- _TASK DATA_:
:::::

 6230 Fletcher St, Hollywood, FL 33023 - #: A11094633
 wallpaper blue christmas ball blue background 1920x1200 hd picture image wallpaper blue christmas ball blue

:::::

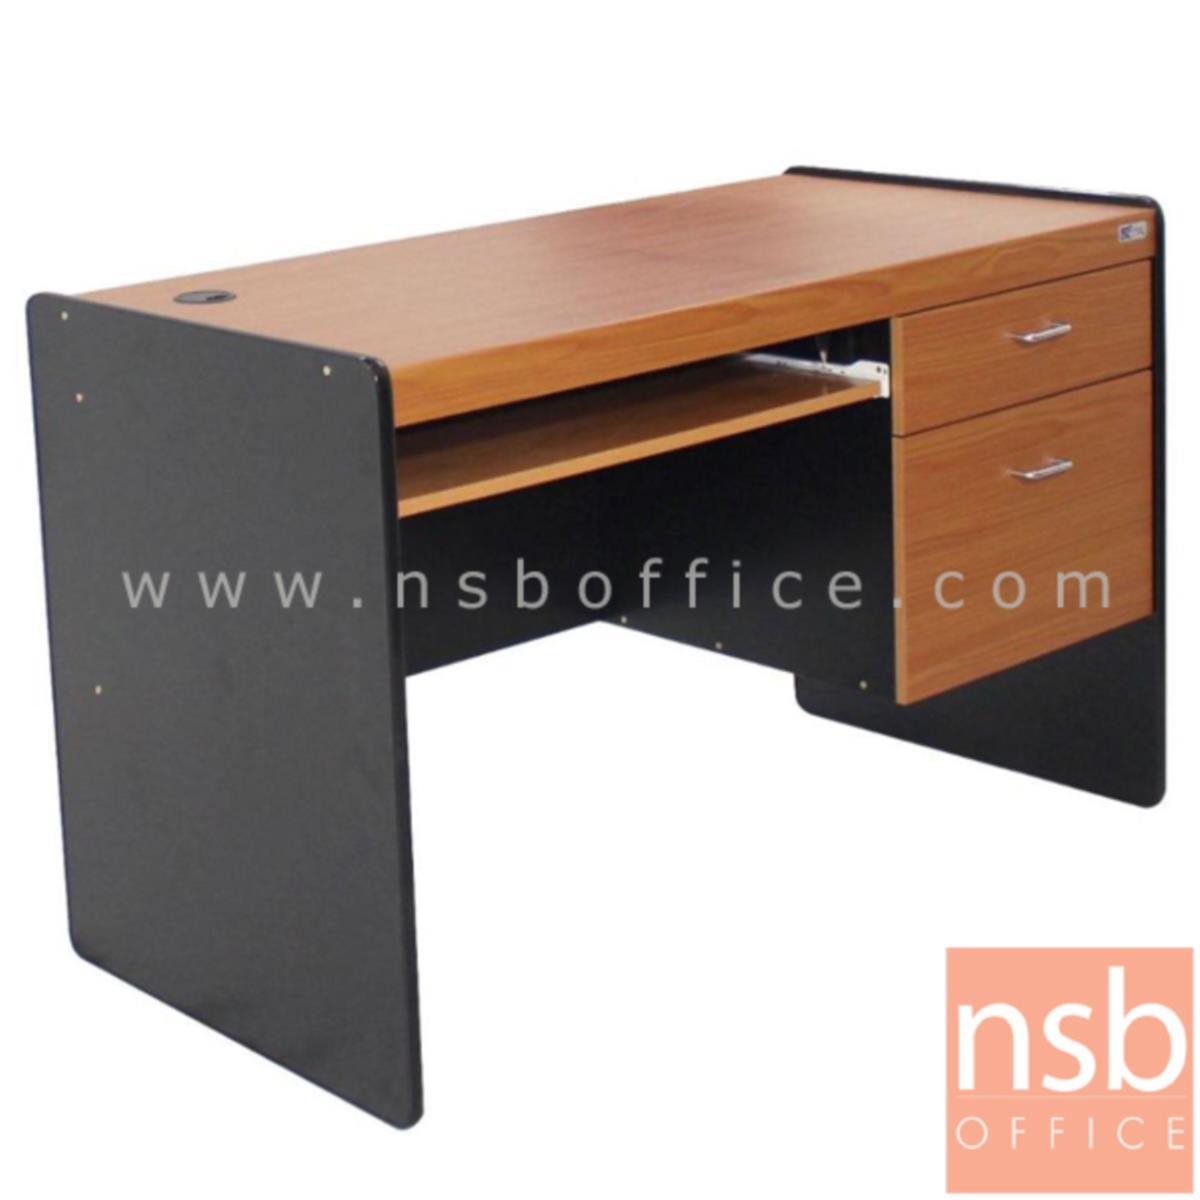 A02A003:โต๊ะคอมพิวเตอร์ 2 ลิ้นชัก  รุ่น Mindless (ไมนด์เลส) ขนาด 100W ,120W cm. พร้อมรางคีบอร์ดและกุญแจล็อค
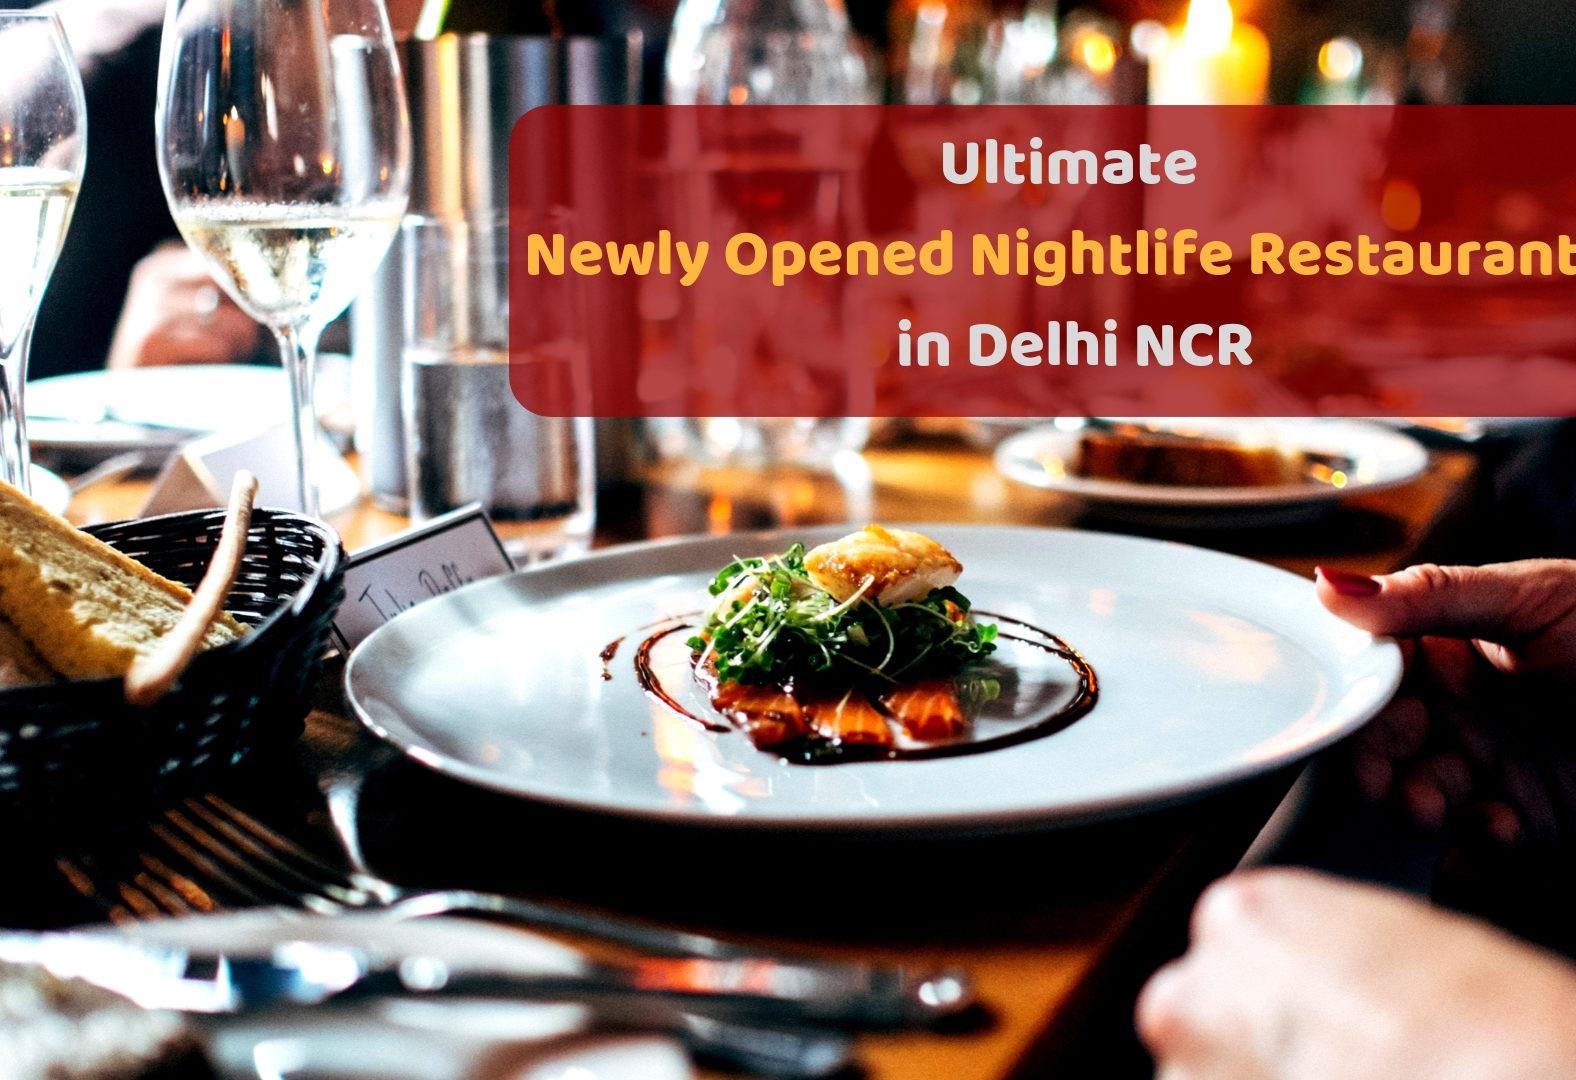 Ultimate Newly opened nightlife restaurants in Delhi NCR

:::::

- _EXERCISE DETAILS_:
Copy the listing above exactly, but only from the line with "A02A003:โต๊ะคอมพิวเตอร์ 2 ลิ้นชัก" through the line with "Ultimate Newly opened", including those two lines and excluding any picture.

- _RESULT_:
 A02A003:โต๊ะคอมพิวเตอร์ 2 ลิ้นชัก  รุ่น Mindless (ไมนด์เลส) ขนาด 100W ,120W cm. พร้อมรางคีบอร์ดและกุญแจล็อค
 Ultimate Newly opened nightlife restaurants in Delhi NCR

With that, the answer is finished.